Durante siglos hemos asumido que las estrellas son entidades estables. Que nacen, viven millones o miles de millones de años, y mueren con estertores luminosos que podemos ver desde la Tierra. Por eso resulta tan inquietante la posibilidad de que algunas simplemente… desaparezcan. Así, sin explotar, sin dejar rastro, sin ni siquiera una despedida fotónica. Esta es la premisa del proyecto VASCO, liderado por la astrofísica Beatriz Villarroel: rastrear estrellas que hayan aparecido o desaparecido en el cielo comparando imágenes astronómicas de mediados del siglo XX con las de hoy.
La idea es tan simple como ambiciosa. El equipo tomó más de 600 millones de objetos del catálogo USNO-B1.0 (basado en placas fotográficas de los años 50) y los comparó con catálogos modernos como Pan-STARRS. Tras un filtrado inicial aparecieron 150.000 objetos visibles antes y ahora ausentes. De esos, se analizaron manualmente 24.000, y finalmente se identificaron alrededor de 100 candidatos sólidos. Objetos luminosos que estaban, y ahora no están. Que brillaban en la noche del pasado, pero no han vuelto a hacerlo desde entonces.
¿Podría tratarse de errores en las placas fotográficas? Sin duda. Artefactos, burbujas en la emulsión, rayones o polvo son el pan de cada día en archivos antiguos. Pero Villarroel y su equipo han sido meticulosos: han eliminado coincidencias dudosas, emparejamientos incorrectos y todo lo que pueda parecer ruido instrumental. Lo que queda, dicen, son casos que desafían explicaciones sencillas. Y aquí empieza el festival de hipótesis.
También está la hipótesis más inquietante (y para algunos, la más poética): las supernovas fallidas. Estrellas supermasivas que colapsan directamente en agujeros negros sin emitir luz visible. Una especie de muerte silenciosa, sin fuegos artificiales. El problema es que estas serían muy raras. Tanto, que encontrar varias en unas pocas décadas sería, cuanto menos, estadísticamente sospechoso.
Y luego, claro, está lo que todos estáis pensando: extraterrestres. El proyecto VASCO, de hecho, se ideó también como una estrategia SETI alternativa. Porque si alguna civilización alienígena hubiera construido una megaestructura alrededor de su estrella (digamos, una esfera de Dyson), podría haberla oscurecido completamente desde nuestra perspectiva. Pero hasta ahora no hay evidencia alguna de que eso esté ocurriendo. Ninguna de las fuentes analizadas muestra patrones artificiales, ni se han observado atenuaciones progresivas, ni nada que huela remotamente a astroingeniería.
También se ha propuesto otra explicación menos galáctica y más geopolítica: algunos de estos destellos podrían estar relacionados con pruebas nucleares atmosféricas. Al comparar los registros de los años 50 con los calendarios de detonaciones, se ha observado una correlación llamativa. Quizá la radiación generó efectos secundarios en la atmósfera, o quizá simplemente se trata de coincidencias temporales. Pero no deja de ser una pista curiosa.
Por supuesto, hay críticas. Algunos astrónomos argumentan que muchos de estos objetos con perfil puntual podrían ser defectos de emulsión. Otros responden que justo ese perfil redondeado sería característico de un destello real ultrarrápido, no de una exposición prolongada. Y así seguimos. La mayoría de la comunidad coincide en una cosa: casi todos los candidatos acabarán teniendo una explicación mundana. Pero algunos quizá no.

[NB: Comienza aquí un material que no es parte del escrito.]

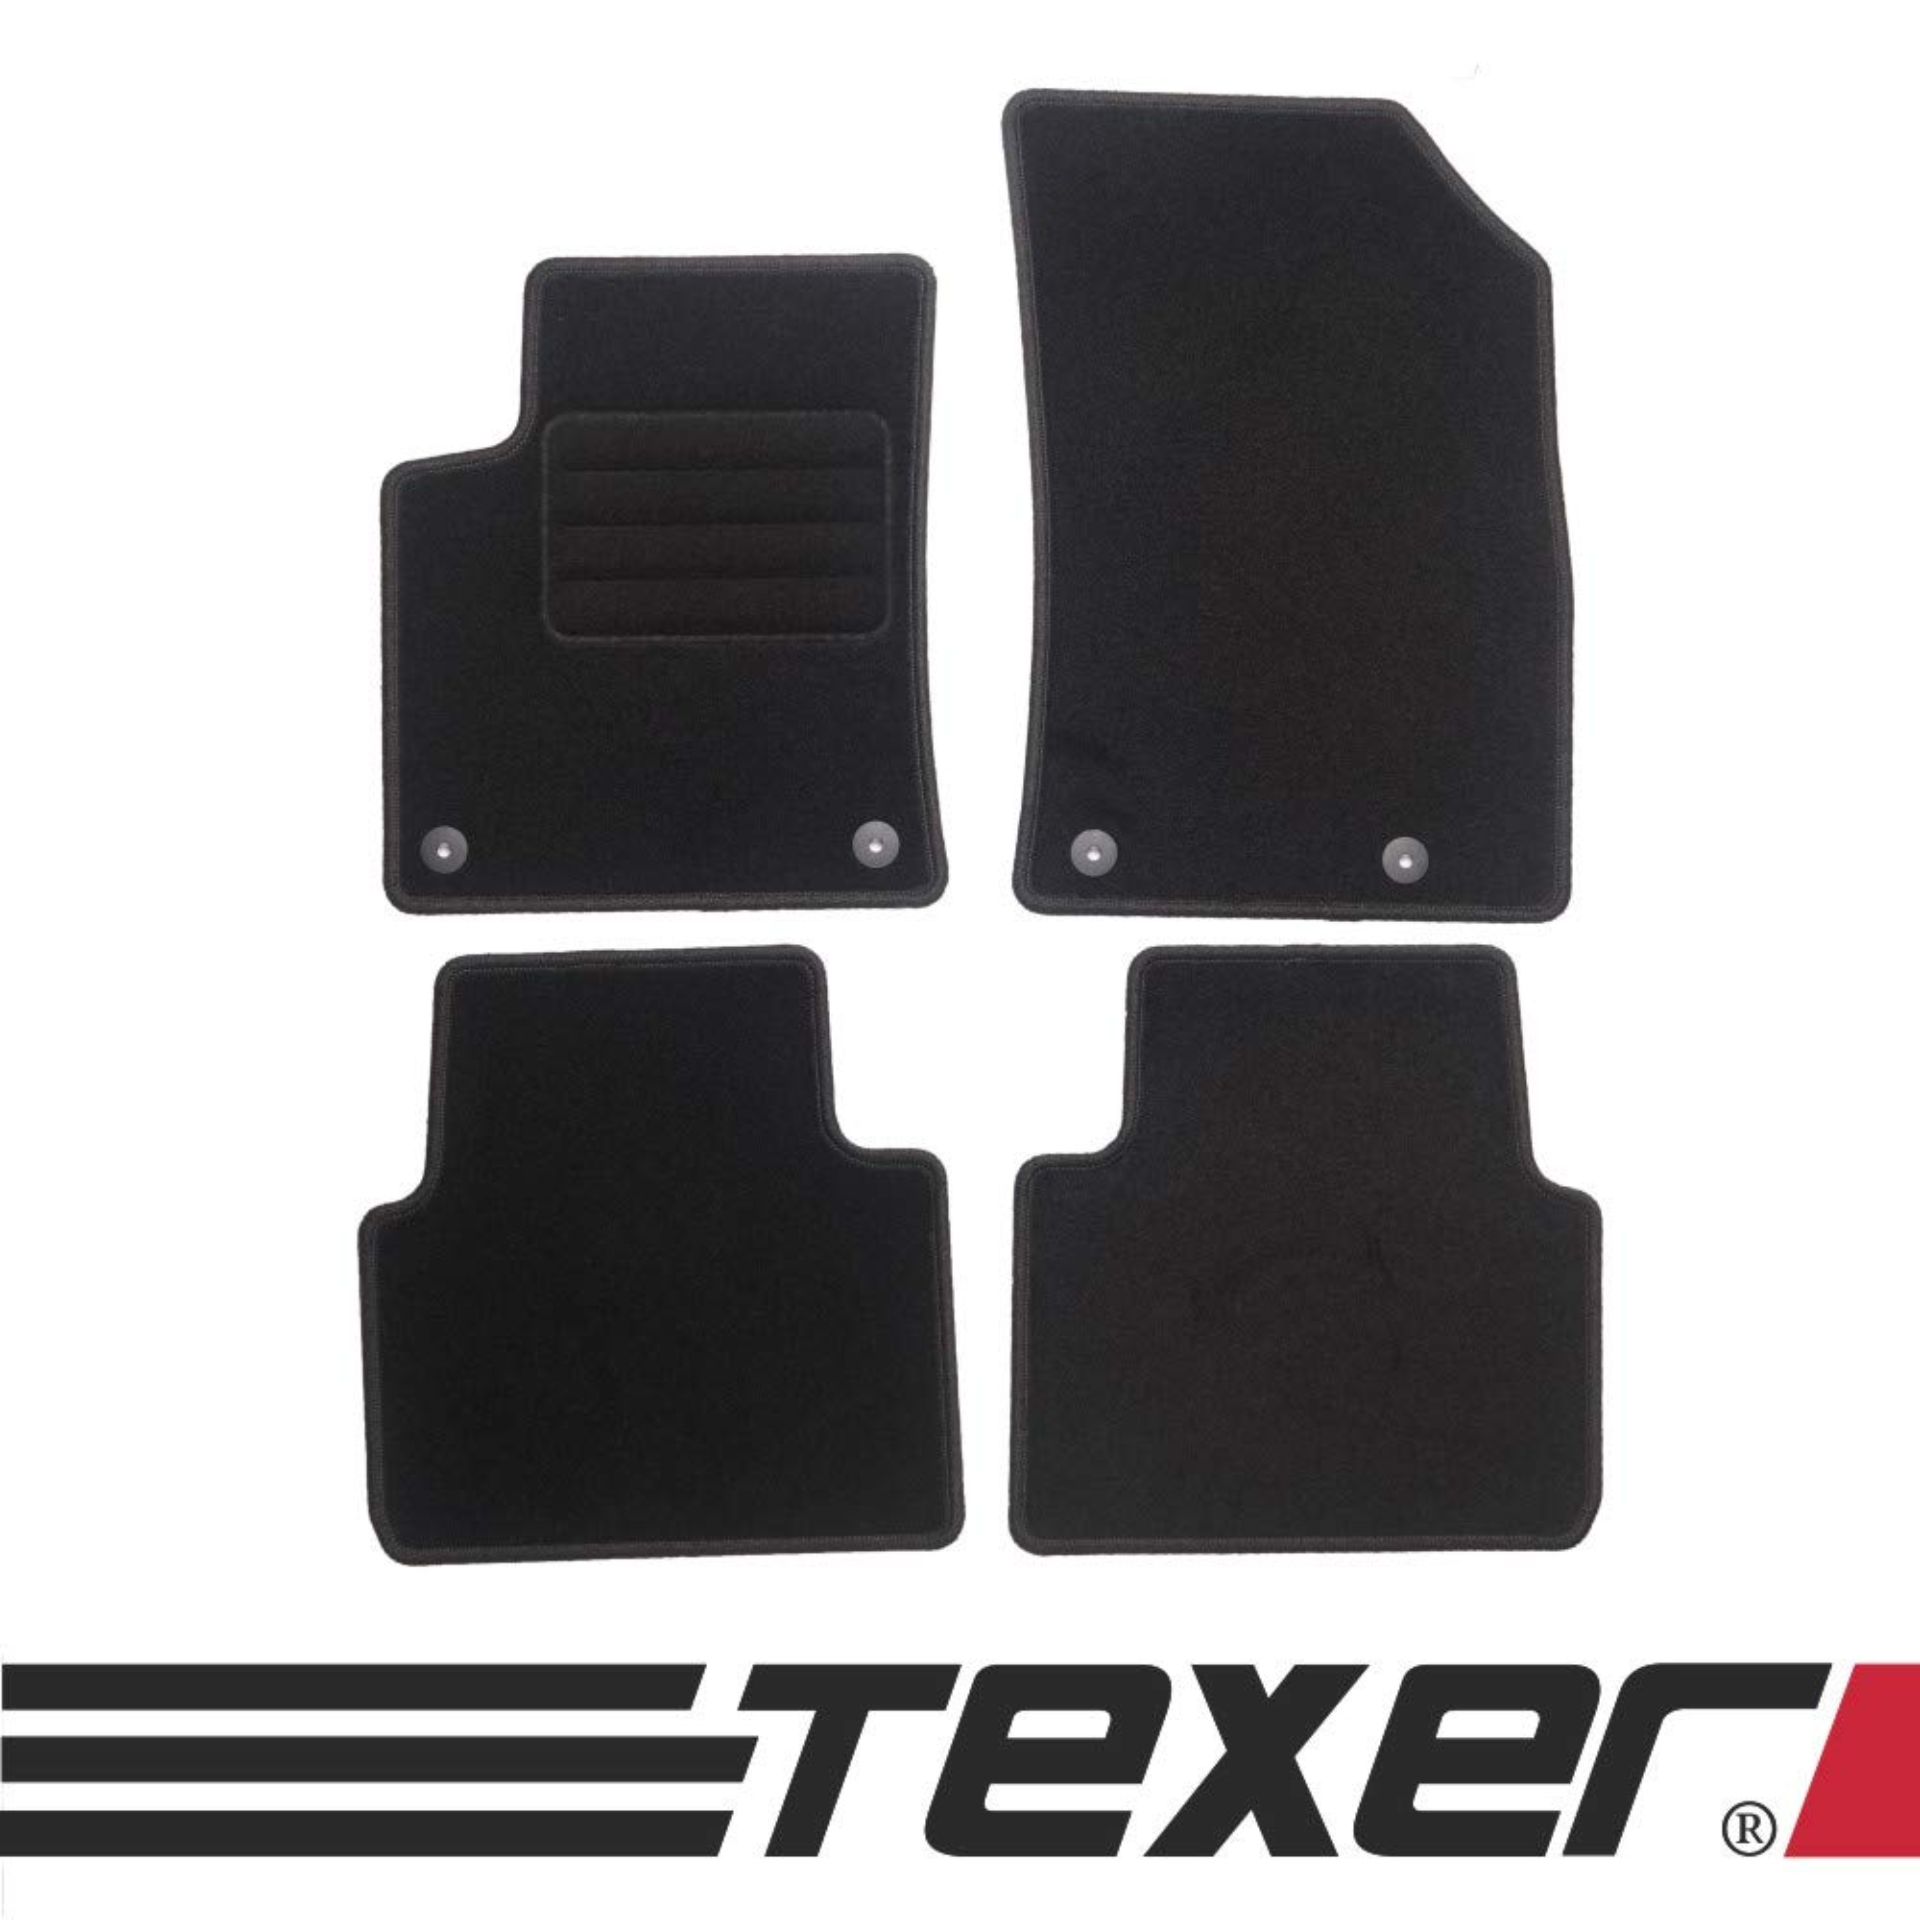 CARMAT TEXER Textil Fu/ßmatten Passend f/ür Mercedes-Benz E-Klasse W124 Bj 1984-1997 Basic

Ese es, al final, el valor del proyecto VASCO. No porque haya encontrado aliens, sino porque nos obliga a mirar con nuevos ojos los archivos viejos. A sospechar de lo que damos por hecho. Y a plantearnos que el cielo, aunque parezca inmutable, puede tener sus propios trucos bajo la manga. Quién sabe. Tal vez alguna estrella no desapareció. Tal vez simplemente se escondió. O tal vez, como algunos humanos, decidió que ya había brillado bastante por esta vida.